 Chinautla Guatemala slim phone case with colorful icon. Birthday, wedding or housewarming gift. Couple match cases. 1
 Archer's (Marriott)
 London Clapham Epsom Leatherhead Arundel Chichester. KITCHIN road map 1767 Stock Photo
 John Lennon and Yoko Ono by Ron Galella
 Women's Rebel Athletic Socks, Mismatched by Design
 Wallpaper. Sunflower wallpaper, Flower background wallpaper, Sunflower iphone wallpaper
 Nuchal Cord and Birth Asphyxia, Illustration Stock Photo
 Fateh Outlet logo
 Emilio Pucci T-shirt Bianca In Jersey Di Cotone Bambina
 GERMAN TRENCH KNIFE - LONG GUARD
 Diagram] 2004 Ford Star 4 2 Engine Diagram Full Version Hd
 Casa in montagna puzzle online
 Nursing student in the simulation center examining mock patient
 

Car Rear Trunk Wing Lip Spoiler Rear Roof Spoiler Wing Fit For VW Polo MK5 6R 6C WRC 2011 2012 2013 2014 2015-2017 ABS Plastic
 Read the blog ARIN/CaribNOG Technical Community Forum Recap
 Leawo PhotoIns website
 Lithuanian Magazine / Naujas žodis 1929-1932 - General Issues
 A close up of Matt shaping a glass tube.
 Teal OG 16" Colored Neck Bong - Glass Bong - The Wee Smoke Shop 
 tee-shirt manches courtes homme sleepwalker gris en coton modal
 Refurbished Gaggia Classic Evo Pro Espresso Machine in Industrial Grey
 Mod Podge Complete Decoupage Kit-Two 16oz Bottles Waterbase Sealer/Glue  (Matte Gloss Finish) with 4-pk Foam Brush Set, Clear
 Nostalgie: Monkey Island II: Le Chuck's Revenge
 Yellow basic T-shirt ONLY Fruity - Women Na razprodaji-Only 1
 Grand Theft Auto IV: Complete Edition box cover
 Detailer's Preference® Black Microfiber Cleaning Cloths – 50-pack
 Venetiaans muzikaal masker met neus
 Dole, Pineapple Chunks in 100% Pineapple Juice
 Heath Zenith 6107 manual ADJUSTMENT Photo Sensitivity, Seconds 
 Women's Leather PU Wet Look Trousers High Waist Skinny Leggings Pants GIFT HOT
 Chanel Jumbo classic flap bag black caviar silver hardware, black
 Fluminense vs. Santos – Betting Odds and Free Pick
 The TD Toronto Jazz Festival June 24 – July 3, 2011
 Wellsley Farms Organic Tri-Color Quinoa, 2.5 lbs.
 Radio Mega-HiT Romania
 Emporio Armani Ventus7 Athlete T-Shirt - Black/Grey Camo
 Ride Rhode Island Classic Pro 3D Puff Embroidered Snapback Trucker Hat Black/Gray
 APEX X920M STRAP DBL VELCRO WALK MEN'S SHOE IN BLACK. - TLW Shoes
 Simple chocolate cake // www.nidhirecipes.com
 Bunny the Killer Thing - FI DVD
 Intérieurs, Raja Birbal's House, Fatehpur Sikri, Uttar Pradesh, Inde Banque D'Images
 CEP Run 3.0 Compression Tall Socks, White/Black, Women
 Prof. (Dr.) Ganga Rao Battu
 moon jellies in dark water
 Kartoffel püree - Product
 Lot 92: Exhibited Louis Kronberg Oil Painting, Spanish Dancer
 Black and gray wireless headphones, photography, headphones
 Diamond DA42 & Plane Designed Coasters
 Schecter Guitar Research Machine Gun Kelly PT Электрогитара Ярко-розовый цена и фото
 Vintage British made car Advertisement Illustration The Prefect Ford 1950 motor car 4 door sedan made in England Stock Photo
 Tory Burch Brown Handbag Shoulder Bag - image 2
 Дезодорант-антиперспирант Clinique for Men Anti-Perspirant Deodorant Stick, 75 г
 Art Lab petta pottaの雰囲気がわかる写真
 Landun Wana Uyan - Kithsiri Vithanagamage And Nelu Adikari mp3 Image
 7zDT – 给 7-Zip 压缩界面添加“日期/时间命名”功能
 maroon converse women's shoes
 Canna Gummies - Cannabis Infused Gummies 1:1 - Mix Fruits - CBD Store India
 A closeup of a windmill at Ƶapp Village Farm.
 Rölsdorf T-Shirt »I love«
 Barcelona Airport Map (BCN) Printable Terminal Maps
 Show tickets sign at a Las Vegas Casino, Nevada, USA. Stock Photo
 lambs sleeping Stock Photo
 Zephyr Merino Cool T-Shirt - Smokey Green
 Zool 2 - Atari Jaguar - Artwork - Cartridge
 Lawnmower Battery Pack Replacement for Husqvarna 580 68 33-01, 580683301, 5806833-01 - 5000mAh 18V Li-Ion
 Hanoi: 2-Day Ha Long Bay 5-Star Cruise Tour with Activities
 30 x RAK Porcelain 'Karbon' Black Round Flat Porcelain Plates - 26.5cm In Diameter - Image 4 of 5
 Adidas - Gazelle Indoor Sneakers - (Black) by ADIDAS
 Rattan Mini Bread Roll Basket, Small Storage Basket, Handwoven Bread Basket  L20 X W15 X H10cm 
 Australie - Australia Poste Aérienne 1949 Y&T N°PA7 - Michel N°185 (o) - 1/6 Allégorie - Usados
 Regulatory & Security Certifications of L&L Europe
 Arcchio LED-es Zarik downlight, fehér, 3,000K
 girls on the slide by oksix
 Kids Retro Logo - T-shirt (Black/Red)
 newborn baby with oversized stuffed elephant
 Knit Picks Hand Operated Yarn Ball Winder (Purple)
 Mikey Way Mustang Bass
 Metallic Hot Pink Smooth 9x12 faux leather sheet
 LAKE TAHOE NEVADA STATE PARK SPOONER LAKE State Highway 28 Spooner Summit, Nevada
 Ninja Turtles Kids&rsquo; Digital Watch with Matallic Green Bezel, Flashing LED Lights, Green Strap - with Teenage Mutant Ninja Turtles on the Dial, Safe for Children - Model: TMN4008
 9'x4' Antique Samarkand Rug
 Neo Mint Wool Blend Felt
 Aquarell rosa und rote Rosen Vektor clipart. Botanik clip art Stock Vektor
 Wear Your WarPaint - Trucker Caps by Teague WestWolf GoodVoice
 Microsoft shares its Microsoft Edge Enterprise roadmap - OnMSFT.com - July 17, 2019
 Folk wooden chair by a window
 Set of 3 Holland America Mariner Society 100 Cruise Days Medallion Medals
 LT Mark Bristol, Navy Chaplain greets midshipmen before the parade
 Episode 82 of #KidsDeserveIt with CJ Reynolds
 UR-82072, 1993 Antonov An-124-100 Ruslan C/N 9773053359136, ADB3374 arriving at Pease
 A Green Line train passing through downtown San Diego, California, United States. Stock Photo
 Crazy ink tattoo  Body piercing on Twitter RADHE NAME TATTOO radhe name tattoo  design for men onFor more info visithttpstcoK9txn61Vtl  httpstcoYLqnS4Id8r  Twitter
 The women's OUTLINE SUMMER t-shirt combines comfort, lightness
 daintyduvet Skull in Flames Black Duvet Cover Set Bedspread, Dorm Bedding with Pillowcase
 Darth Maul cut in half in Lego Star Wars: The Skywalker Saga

▶ _WHAT NEEDS TO BE DONE_: Would you please copy, word for word, everything above from the line containing "Ride Rhode Island" down to the line containing "Black and gray", those two lines included?

▶ _TASK ANSWER_:
 Ride Rhode Island Classic Pro 3D Puff Embroidered Snapback Trucker Hat Black/Gray
 APEX X920M STRAP DBL VELCRO WALK MEN'S SHOE IN BLACK. - TLW Shoes
 Simple chocolate cake // www.nidhirecipes.com
 Bunny the Killer Thing - FI DVD
 Intérieurs, Raja Birbal's House, Fatehpur Sikri, Uttar Pradesh, Inde Banque D'Images
 CEP Run 3.0 Compression Tall Socks, White/Black, Women
 Prof. (Dr.) Ganga Rao Battu
 moon jellies in dark water
 Kartoffel püree - Product
 Lot 92: Exhibited Louis Kronberg Oil Painting, Spanish Dancer
 Black and gray wireless headphones, photography, headphones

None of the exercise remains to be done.